Delbo interposes poetry occasionally with prose, and the poems provide her with a space in which she can be more openly emotional. This is an opportunity she readily accepts. There are not many poems in her books of prose, but they play an important role: the contrast between their display of passion and the apparent coolness of the prose is an important aspect of her style. The balance is well judged. There are just enough poems to provide the reader with evidence of the moral outrage and anguish of the author but not so much as to betray the principle that in describing the indescribable one has to steer close to the facts throughout and not go beyond them. Without the poems the reader might feel that the unremittingly descriptive style is meant to be ironic. Delbo desires to represent in her work her feeling that she really belonged with the dead, and, although in fact she survived, she really died, so there is a detachment in her prose that is the detachment of someone not really living in the contemporary world. She is both there and somewhere else, and this leads to a degree of detachment in her work, a feature not untypical of many writers who experienced the Holocaust personally.

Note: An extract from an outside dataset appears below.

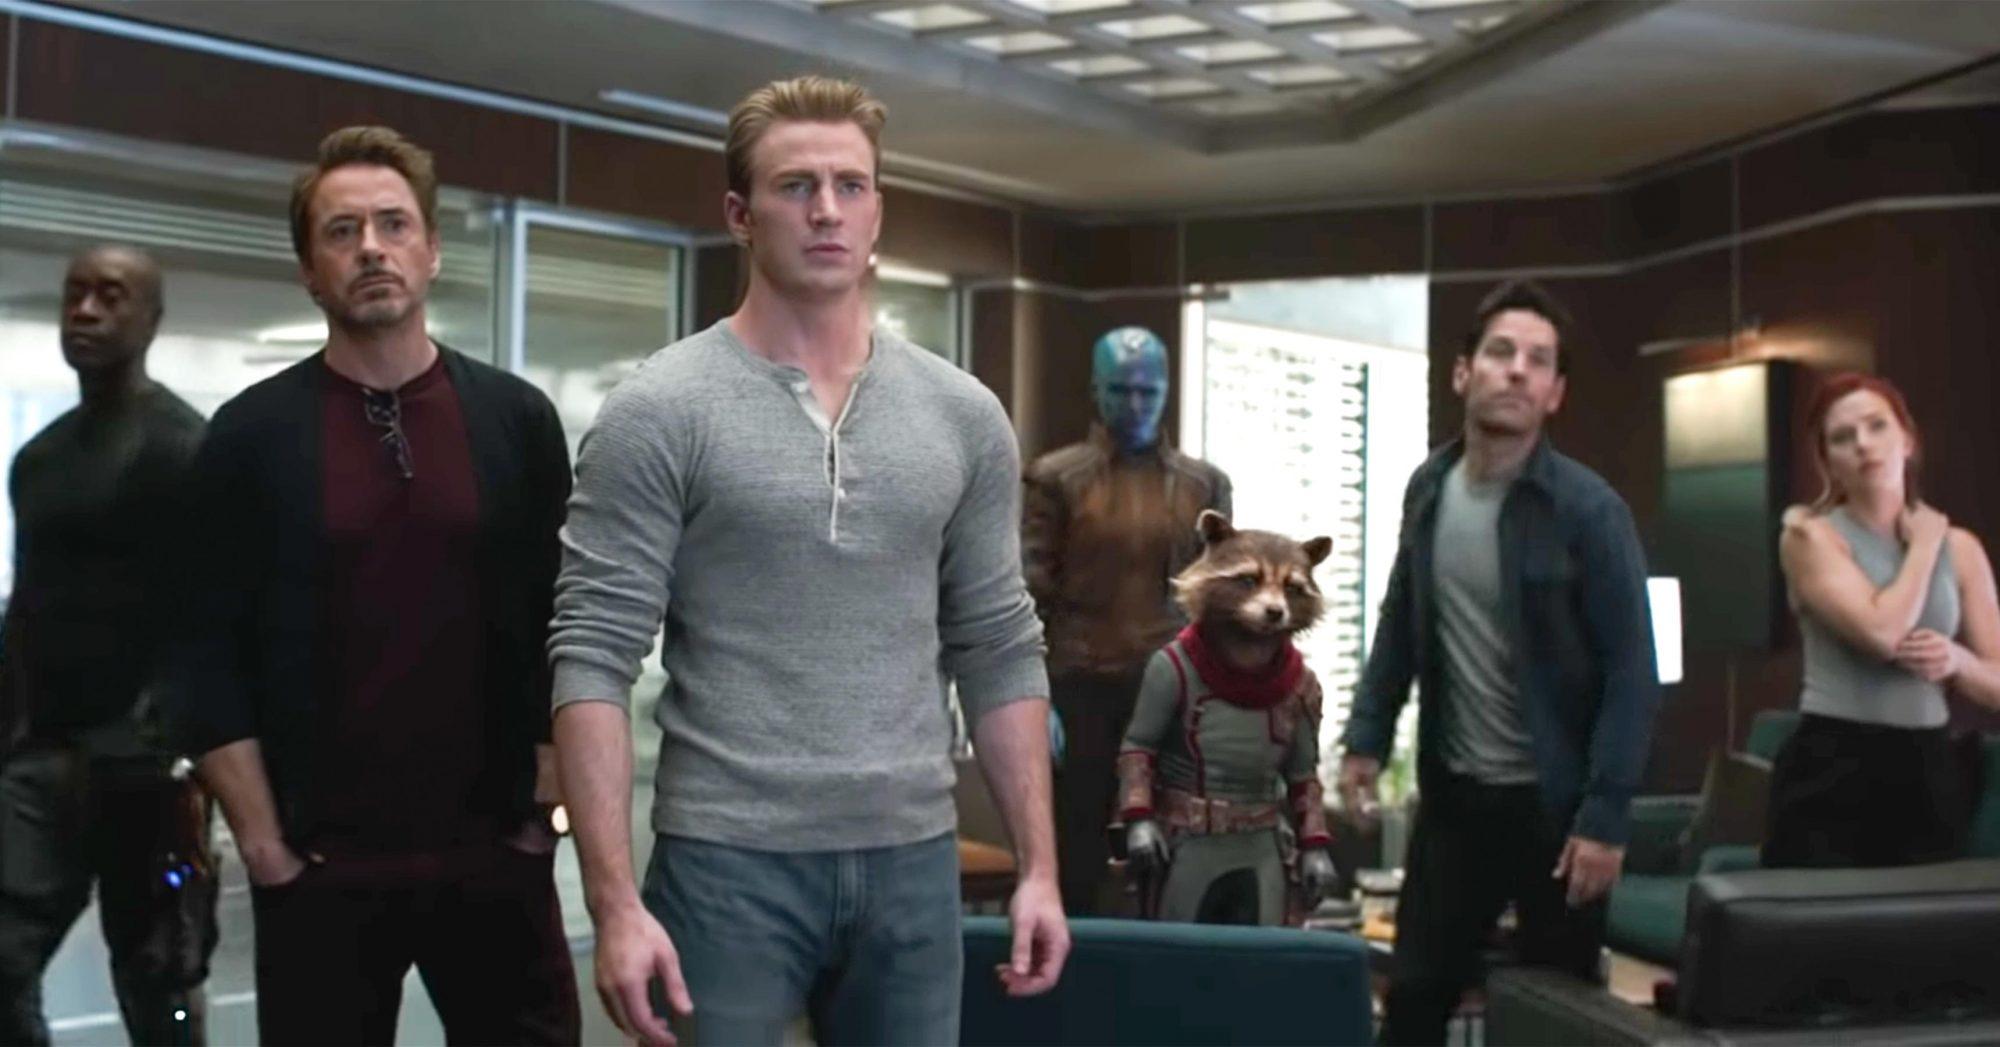 Avengers: Endgame screen grab https://www.youtube.com/watch?v=KCSNFZKbhZE CR: Marvel Studios

Another aspect of Delbo's style is the absence of religious imagery or the idea of being part of a tradition of suffering and persecution. Delbo was not Jewish and was sent to the camps as a result of her opposition to German control of France and also due to the important role her husband played in the resistance. There was nothing in her cultural background to prepare her for what was being done to her or to others. This perhaps made her even cooler in her account of the camps, since her persecution along with that of so many others came out of the blue and could only be described, not explained.
See the essay on Auschwitz and After.